Saha-Boltzmann ionization of hydrogen

What you are seeing: the ionization fraction $x = n_+/n_\text{tot}$ of a pure-hydrogen plasma as a function of temperature, at the user-set total number density. The Saha equation $x^2/(1-x) = \mathrm{Saha}(T) / n_\text{tot}$ with $\mathrm{Saha}(T) = (2\pi m_e k_B T / h^2)^{3/2} \exp(-\chi / k_B T)$ is solved as a closed-form quadratic in $x$ .

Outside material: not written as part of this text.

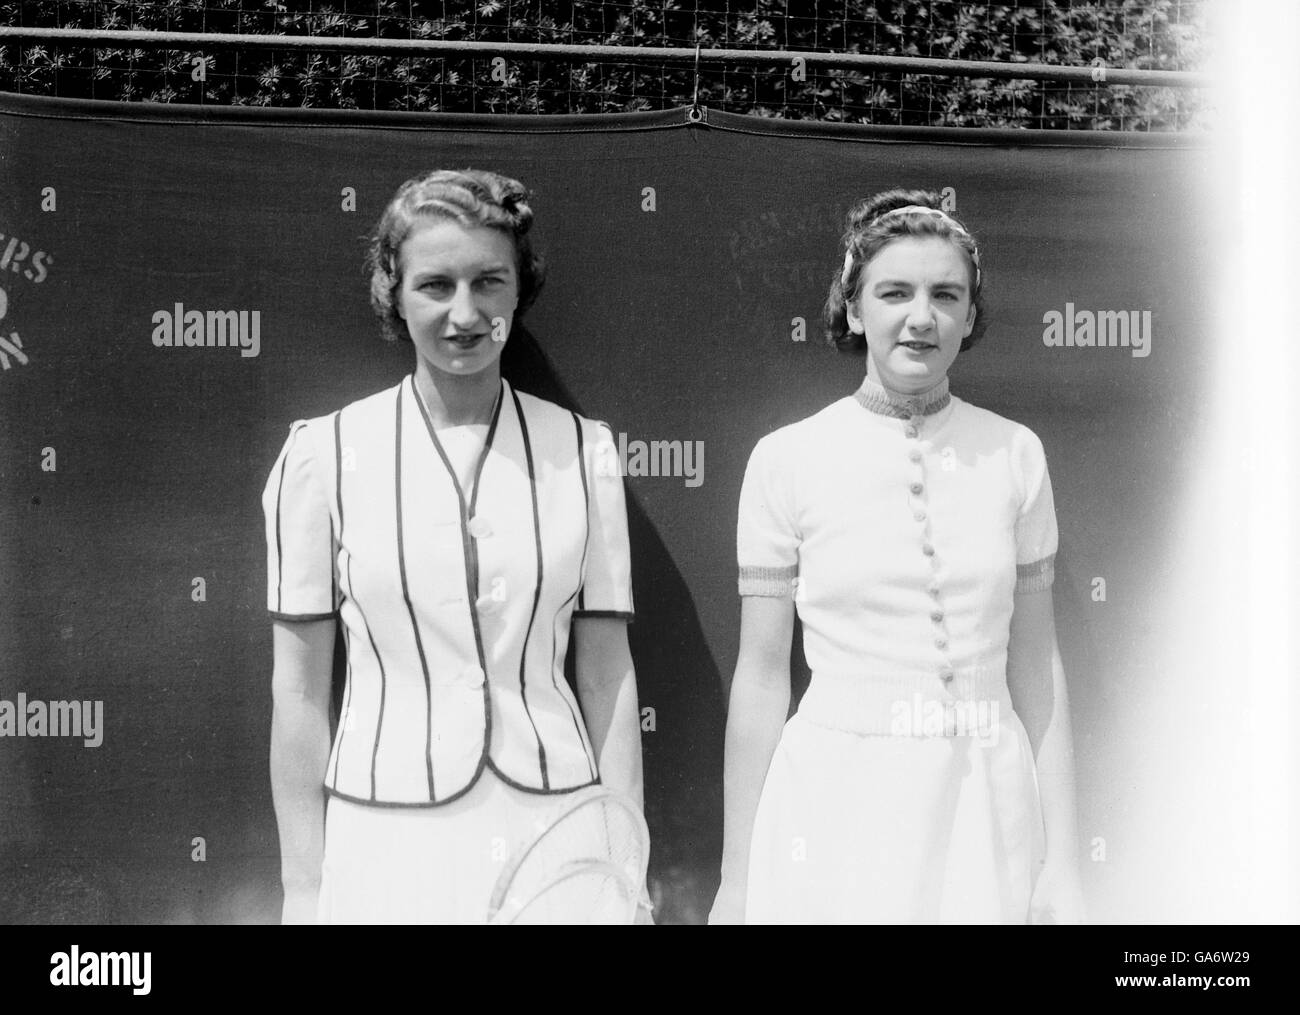 Tenis - Rosemary Thomas - Mary Hare (nee Hardwick). Mary Hare (nee Hardwick) (l) y Rosemary Thomas (r) Foto de stock

For solar-photosphere densities ( $n \sim 10^{23}$ m $^{-3}$ , $T = 5800$ K), hydrogen is only about $10^{-4}$ ionized; for the chromosphere ( $T \sim 10^4$ K) it crosses 50 percent. The classic ratio $\chi / k_B \approx 158000$ K is deceptive because the prefactor $\propto T^{3/2}/n$ pushes the half-ionization temperature down by an order of magnitude.

Figure 1. Saha ionization fraction

x(T, n)

for hydrogen. Method: closed-form quadratic in

x

from the Saha-Boltzmann balance.

log10 n (1/m^3)20.00

T (K)8000

WHAT TO TRY

Vary each control and watch the rail readouts respond.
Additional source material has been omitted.